# Using Reddit's API for Predicting Comments

In this project, we will practice two major skills. Collecting data via an API request and then building a binary predictor.

As we discussed in week 2, and earlier today, there are two components to starting a data science problem: the problem statement, and acquiring the data.

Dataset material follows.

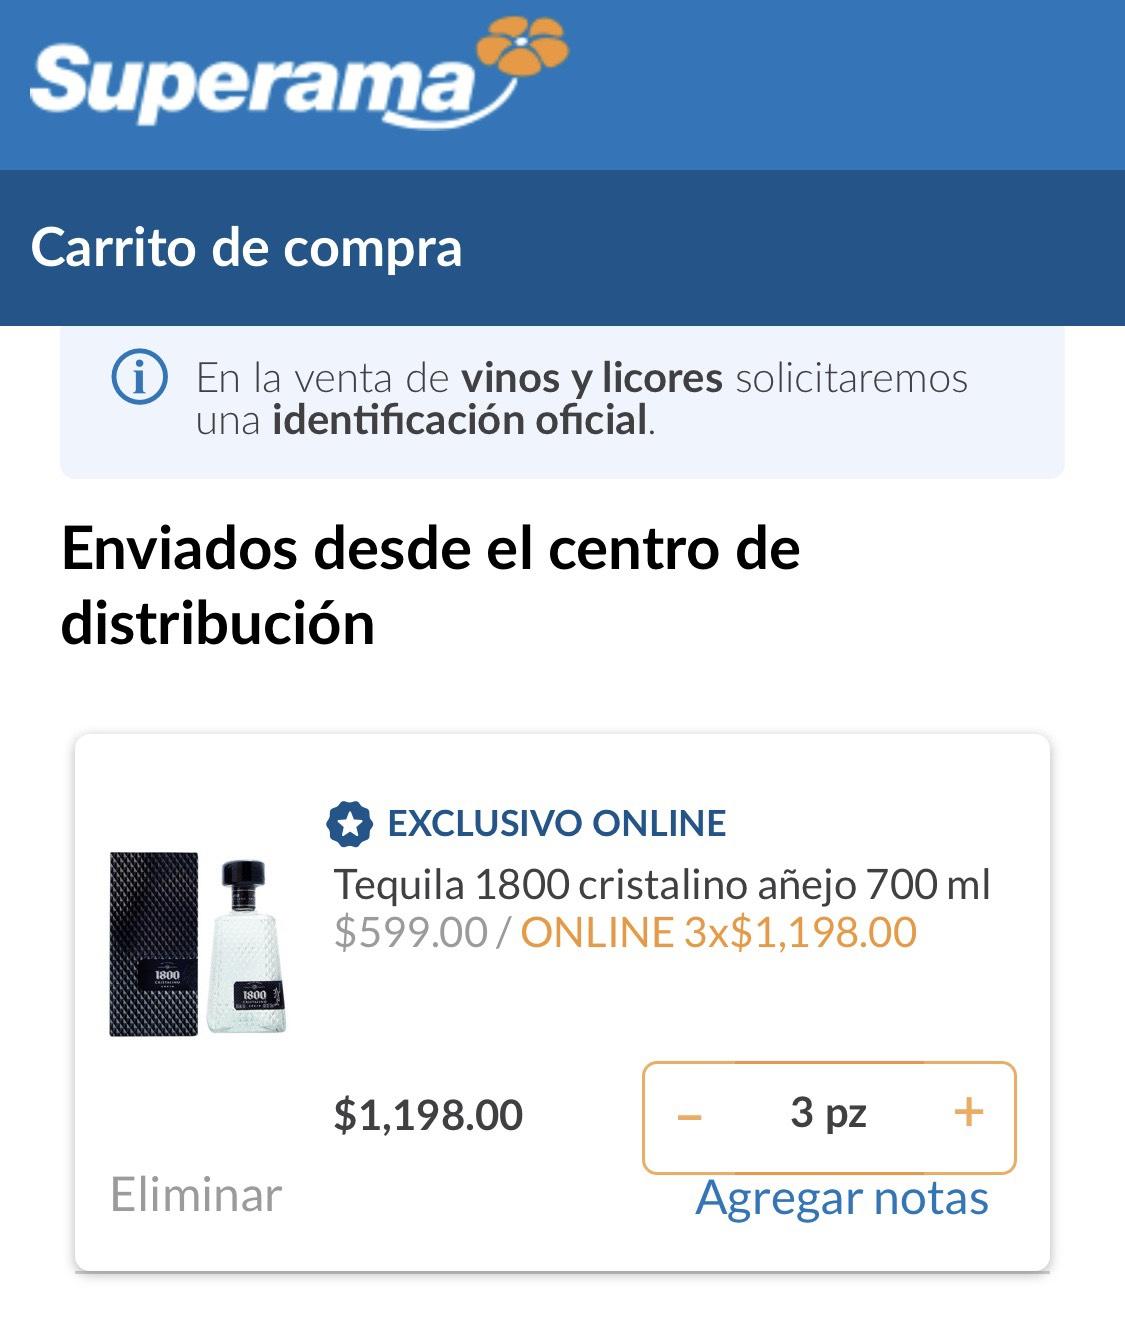 Superama: Tequila 1800 cristalino añejo 3 por $1,198

For this article, your problem statement will be: _What characteristics of a post on Reddit contribute most to what subreddit it belongs to?_

Your method for acquiring the data will be scraping threads from at least two subreddits. 

Once you've got the data, you will build a classification model that, using Natural Language Processing and any other relevant features, predicts which subreddit a given post belongs to.

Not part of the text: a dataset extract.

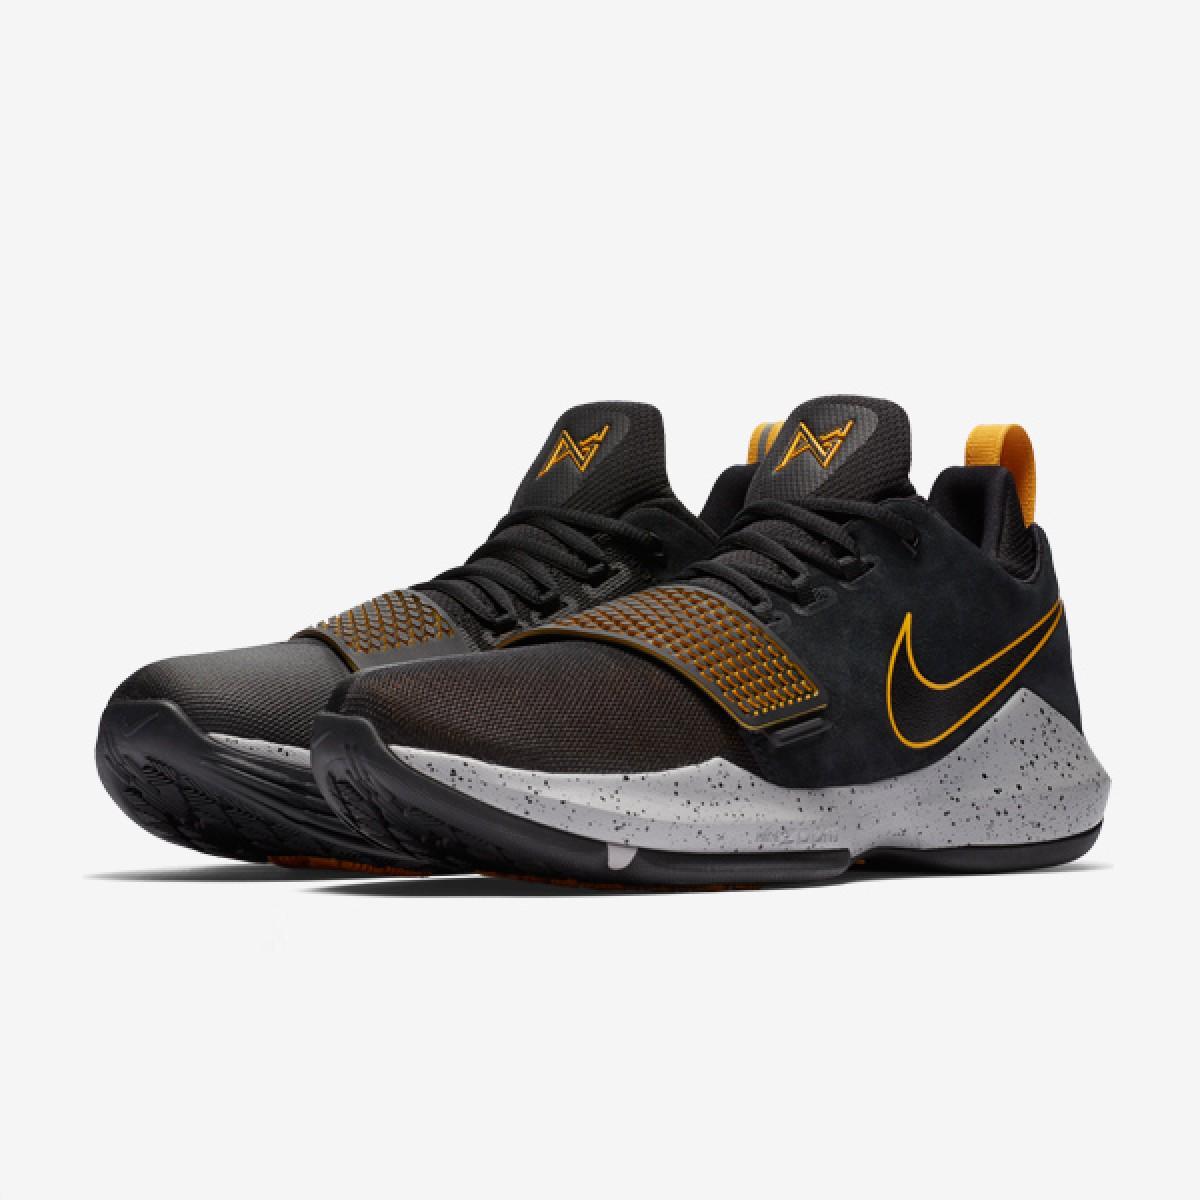 Nike PG1 'Black Gold' 878627-006

### Scraping Thread Info from Reddit.com

#### Set up a request (using requests) to the URL below. 

*NOTE*: Reddit will throw a [429 error](https://httpstatuses.com/429) when using the following code:
```python
res = requests.get(URL)
```

This is because Reddit has throttled python's default user agent. You'll need to set a custom `User-agent` to get your request to work.
```python
res = requests.get(URL, headers={'User-agent': 'YOUR NAME Bot 0.1'})
```

In [1]:
import requests
import json
import pandas as pd
import time

In [2]:
URL = "http://www.reddit.com/r/boardgames.json"

In [3]:
## YOUR CODE HERE
result = requests.get(URL, headers={'User-agent': 'YOUR NAME Bot 0.1'})
results = result.json()

In [4]:
#results commented to reduce 

#### Use `res.json()` to convert the response into a dictionary format and set this to a variable. 

```python
data = res.json()
```

In [5]:
data = result.json()

In [6]:
data['data']['children'][0]['data']['title']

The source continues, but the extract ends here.